Sheffield Molecular Genetics Facility

Sheffield Molecular Genetics Facility

Bird sex-typing using genetic markers

by Deborah Dawson (D.A.Dawson @Sheffield.ac.uk)

Technical Details

For the confident assignment of sex in non-ratite birds we recommend that both the Griffiths et al. (1998: P2/P8) and Fridolfsson and Ellegren (1999: 2550F/2718R) sexing primers should initially be tested in order to identify the primers best suited to the study species.

Primer sequences:

Griffiths et al. (1998: P2/P8)
P2 = 5'-TCT GCA TCG CTA AAT CCT TT-3'
P8 = 5'-CTC CCA AGG ATG AGR AAY TG-3'

Fridolfsson and Ellegren (1999: 2550F/2718R)
2550F = 5'-GTT ACT GAT TCG TCT ACG AGA-3'
2718R = 5'-ATT GAA ATG ATC CAG TGC TTG-3'

The usual protocol adopted by the Sheffield Molecular Genetics Facility is detailed here.

DNA was extracted from blood following Bruford et al. (1998). Each 10-µl reaction contained about 50 ng of genomic DNA, 1 µM of each primer and 0.25 units Taq DNA polymerase (ThermoprimePlus, Advanced Biotechnologies) in the manufacturer’s buffer (final concentrations 20 mM (NH4)2SO4, 75 mM Tris-HCl pH 9.0, 0.01% (w/v) Tween), including 2.0 mM MgCl2 and 0.2 mM of each dNTP. PCR amplification was performed in a Hybaid Touchdown thermal cycler.

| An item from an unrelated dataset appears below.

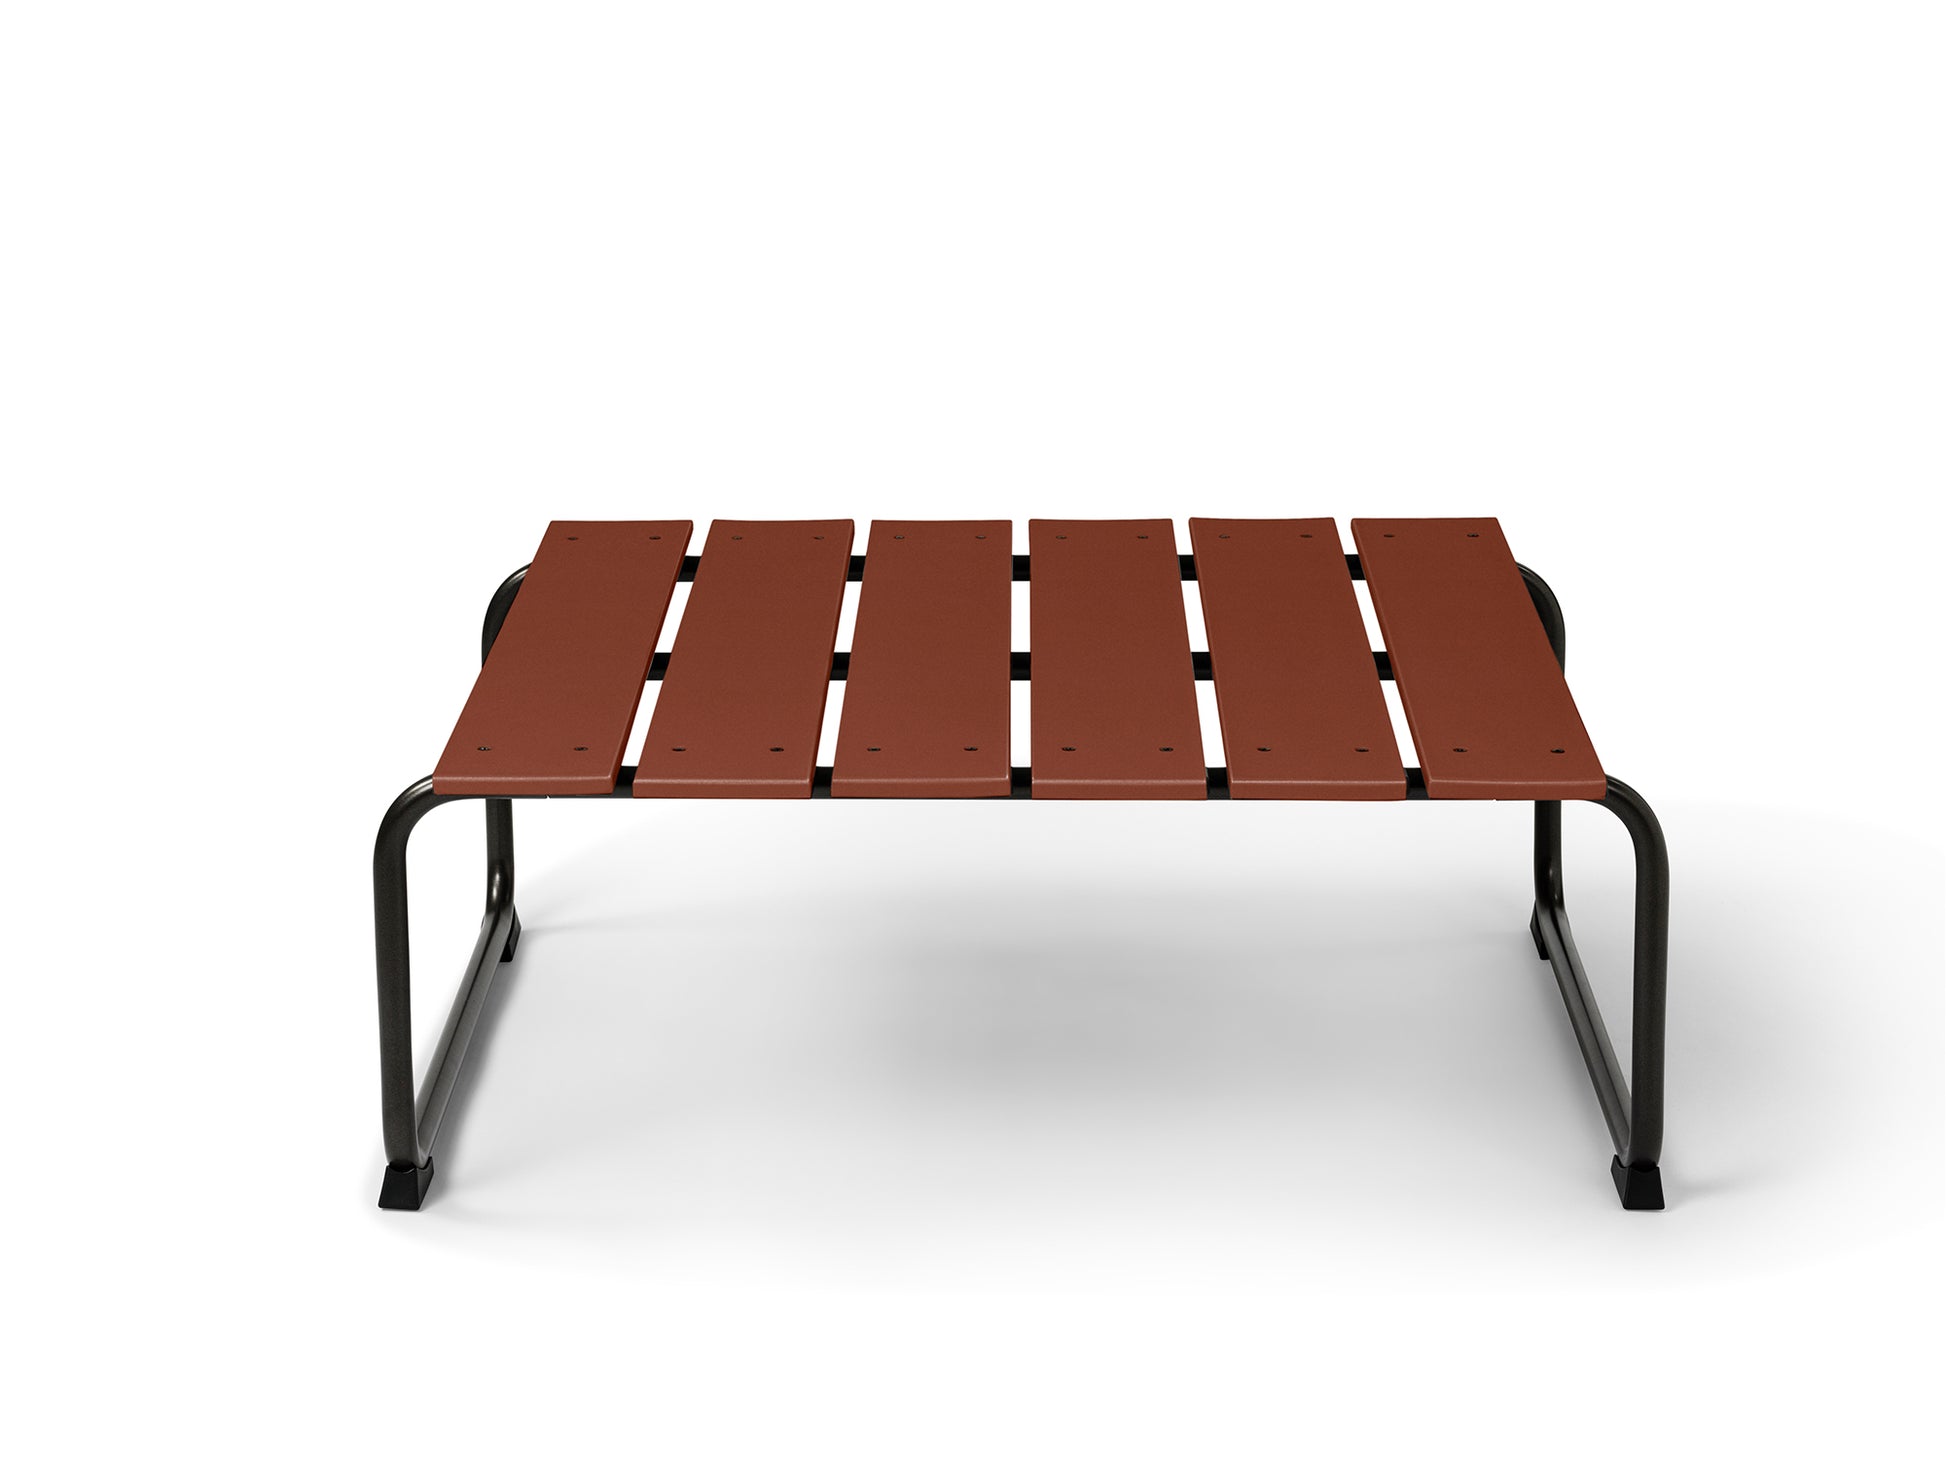 Ocean Lounge Table by Mater - Burnt Red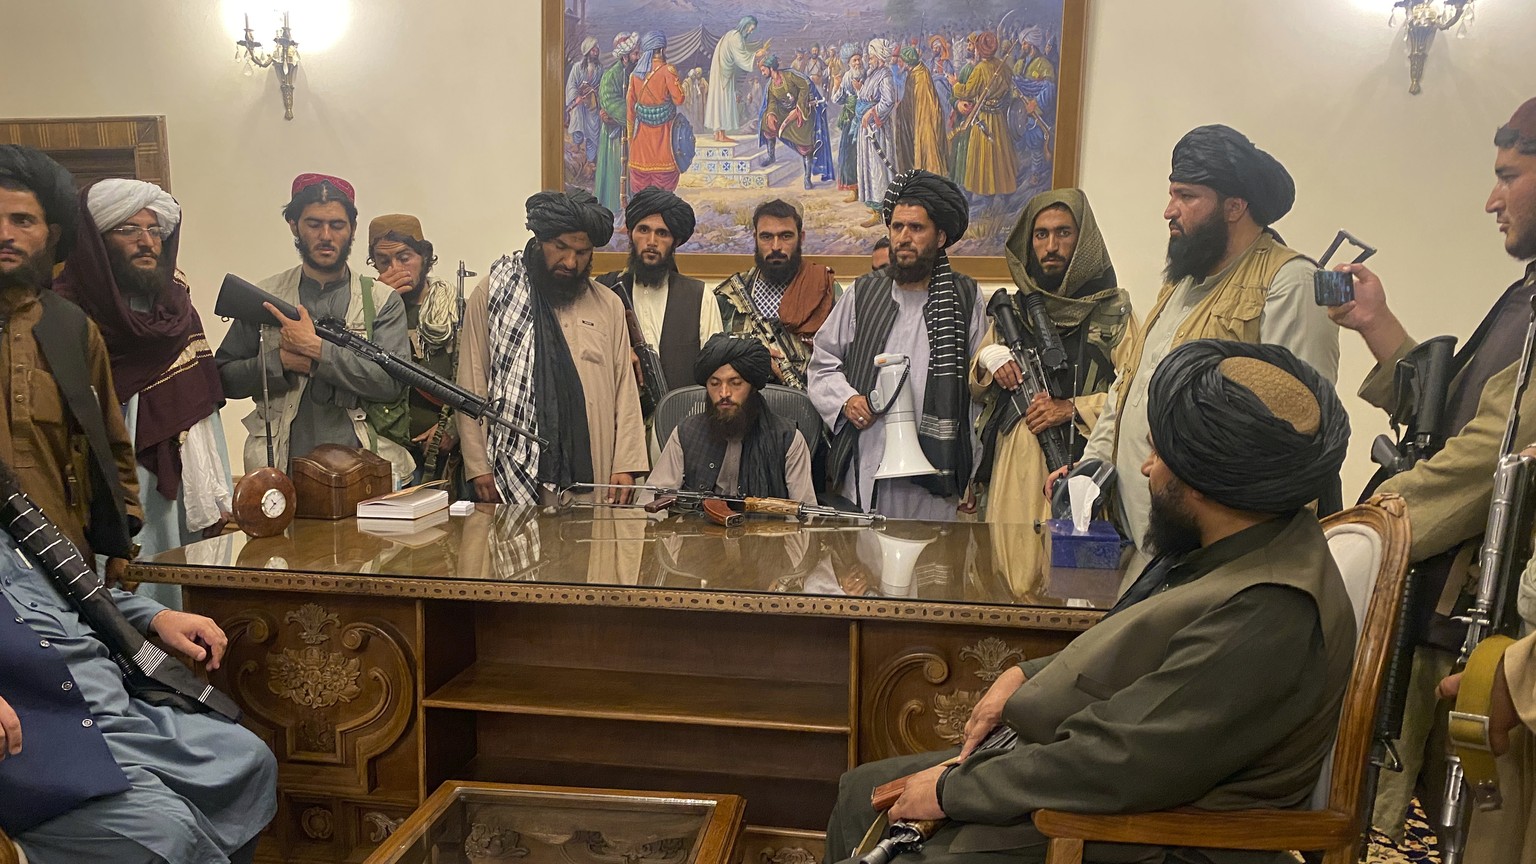 FILE - In this Aug. 15, 2021, file photo, Taliban fighters take control of the Afghan presidential palace in Kabul, Afghanistan, after President Ashraf Ghani fled the country. On the eve of the annive ...

If the concentration of high quality DNA is low (eg if DNA has been extracted from feathers) the following program should be used (the annealing temparature has been reduced, time at eact temperature and the number of cycles have been increased). In many cases this program is used as the first choice:

The reaction profile used with the Griffiths et al. (1998) P2/P8 primers was:-

94°C 2 minutes
then:
94°C 45 seconds
48°C 45 seconds
72°C 45 seconds
for 40 cycles,

followed by:
72°C for 5 minutes

The reaction profile used with the Fridolfsson and Ellegren (1999) 2550F/2718R primers was:-

94°C 2 minutes
then:
94°C 30 seconds
60°C 30 seconds (reducing by 1°C each cycle),
72°C 30 seconds
for 1 cycle,

94°C 30 seconds
59°C 30 seconds (reducing by 1°C each cycle),
72°C 30 seconds
for 1 cycle,

etc, reducing annealing temperature by 1°C each cycle until..

94°C 30 seconds
51°C 30 seconds (reducing by 1°C each cycle),
72°C 30 seconds
for 1 cycle,

followed by:
94°C 30 seconds
50°C 30 seconds
72°C 30 seconds
for 30 cycles.

followed by:
72°C for 5 minutes

The following profile used with the Griffiths et al. (1998) P2/P8 primers has been used in the past and works well for many species: 94°C 2 min then 94°C 15 s, 50°C 20 s, 72°C 25 s for 40 cycles followed by 72°C for 1 minute.

The PCR products were visualised either on 3% agarose gels stained with ethidium bromide, or on 5-6% polyacrylamide gels stained with silver (Promega) or analysed on an ABI 377 DNA sequencer.

We would also like to draw attention to the potential difficulties in CHD-based molecular sexing caused by the presence of polymorphism such as that identified in auklets (Dawson et al. 2001).

References

Bruford MW, Hanotte O, Brookfield JFY, Burke T (1998) Multilocus and single-locus DNA fingerprinting. In: Molecular Genetic Analysis of Populations: A Practical Approach, 2nd edition, (ed. Hoelzel AR), pp. 287-336. IRL Press, Oxford.

Dawson DA, Darby S, Hunter FM, Krupa AP, Jones IL and Burke T (2001) A critique of CHD-based molecular sexing protocols illustrated by a Z-chromosome polymorphism detected in auklets (Aves: Alcidae, Laridae). Molecular Ecology Notes, 1, 201-204.

Fridolfsson AK and Ellegren H (1999) A simple and universal method for molecular sexing of non-ratite birds. Journal of Avian Biology, 30, 116-121.

Griffiths R, Double MC, Orr K and Dawson RJG (1998) A DNA test to sex most birds. Molecular Ecology, 7, 1071-1075.